Typically, as a team starts working on a project, the PM will typically have a good understanding of the time necessary to deliver a project and how much it will cost. However, teams, projects, and clients are different, and there can be a wide array of factors that can impact a project’s bottom line.
There are five common budget-related problems that PMs face:
- Overrunning contract expenditure
- Overrunning resource expenditure
- Overrunning risk management
- Inability to access management reserves
- Lack of expenditure tracking
It’s imperative that project managers adopt the necessary budgeting procedure and make reasonable assessments regarding a project’s needs and expenses in order to successfully avoid cost overruns.
There are plenty of things that PMs can do to make sure that they’ve estimated the budget correctly, yet it’s also important to underline that projects can be very different, so it’s critical to make the necessary adjustments when doing so. Here are a few useful recommendations:
- Analyze historical data—look back at similar projects and learn from them.
- Seek guidance from your peers—if you’re about to step into unexplored territories, it’s always a good idea to learn from fellow project managers. A quick call can easily safeguard you from the most obvious pitfalls.

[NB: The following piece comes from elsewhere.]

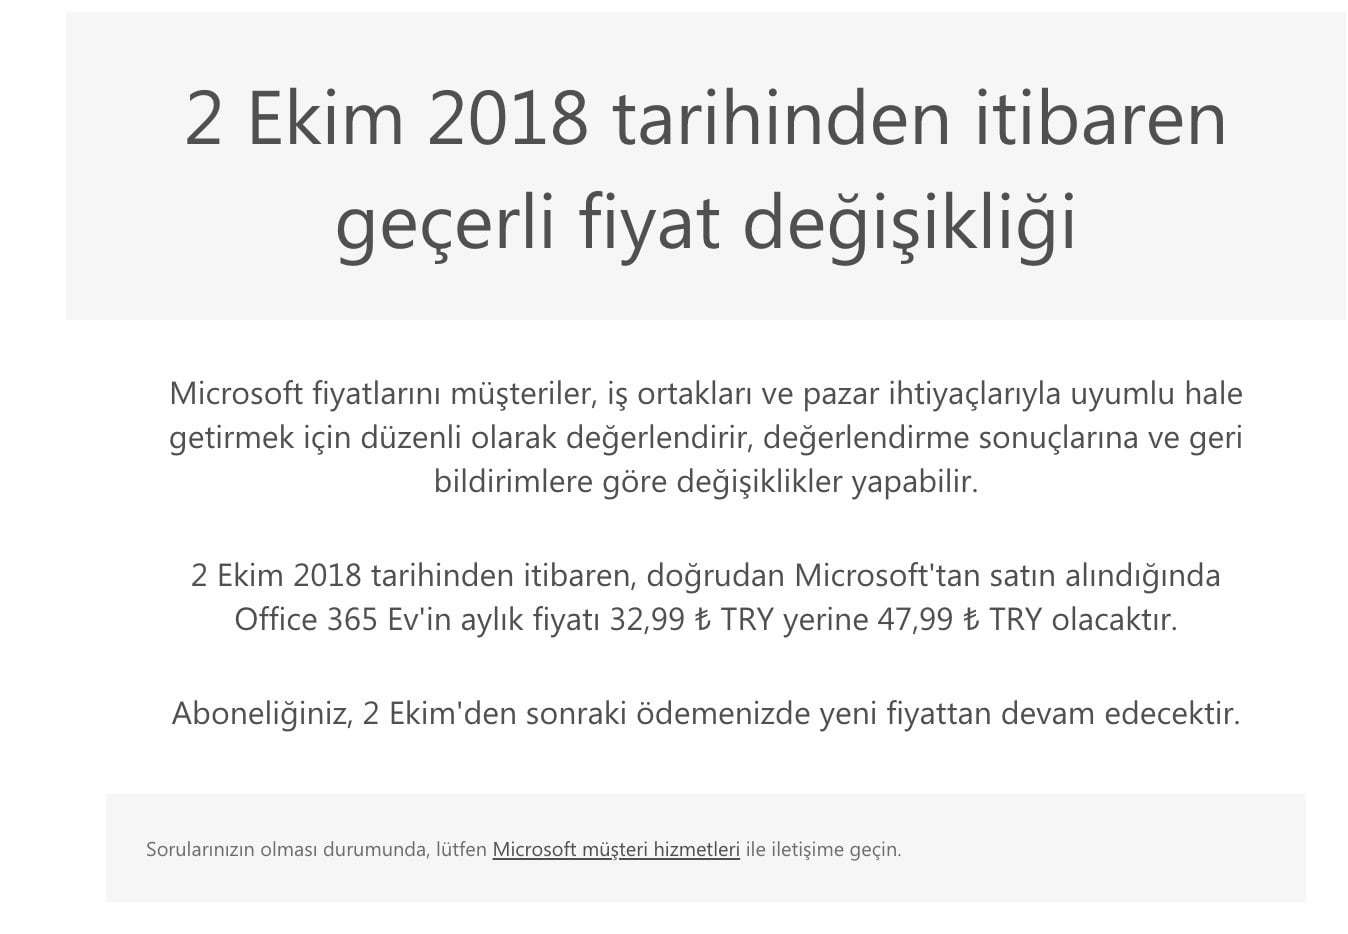 Microsoft Office 365 fiyatı

- Baseline and re-baseline—budgets are a good way to track the progress of a project. However, as we mentioned previously, the vast majority of projects will have changes, and they have to be reflected in the budget as well. Make sure to re-baseline your budget once any changes are approved.
Improper risk management
An important part of a project manager’s job is to manage a project’s potential risks by understanding the potential issues a team can run into, analyzing them, defining the adequate responses to these issues, and being mindful of these risks as the project unfolds.
This may seem like a straightforward task, but given the sheer number of variables in every individual project, there’s a nearly endless number of potential problems waiting to derail its outcome. Keeping track of risks allows project managers to extract as much value as possible from opportunities and mitigate threats.
There are a few things you can do to keep these issues at bay:
- Have a well-thought-out risk management plan—this step is critical, and it should be made early in the planning phase. Start by establishing whether risk management is needed in the first place since this step can be avoided on small-scale projects. The larger the project, the more things can go wrong.
- Outline the most important risks—create a checklist of the most probable threats to your project and outline the events that can be associated with triggering these risks.
- Analyze them—it’s always a good idea to quantify the probability and the priority of each particular threat. Once you’ve established the risks that are most likely to affect your project, you should continuously keep them in mind throughout the project. There are also plenty of useful techniques and frameworks that can help you identify the most imminent risks like Monte Carlo analysis.
- Plan a response for each threat—the entire team should establish what the adequate response to every particular risk should be. Similarly, it’s always a good idea to think of possible preventive measures before a certain event even happens, as well as the necessary contingency plans associated with it.
- Control and monitor at all times—risk management is a process that demands continuous attention throughout the entire project. More importantly, it’s essential to continue exploring and identifying new risks as the project unfolds.
The bottom line
Project managers have to deal with a wide array of obstacles on a regular basis. However, most of these can be avoided with the right knowledge and a good amount of foresight.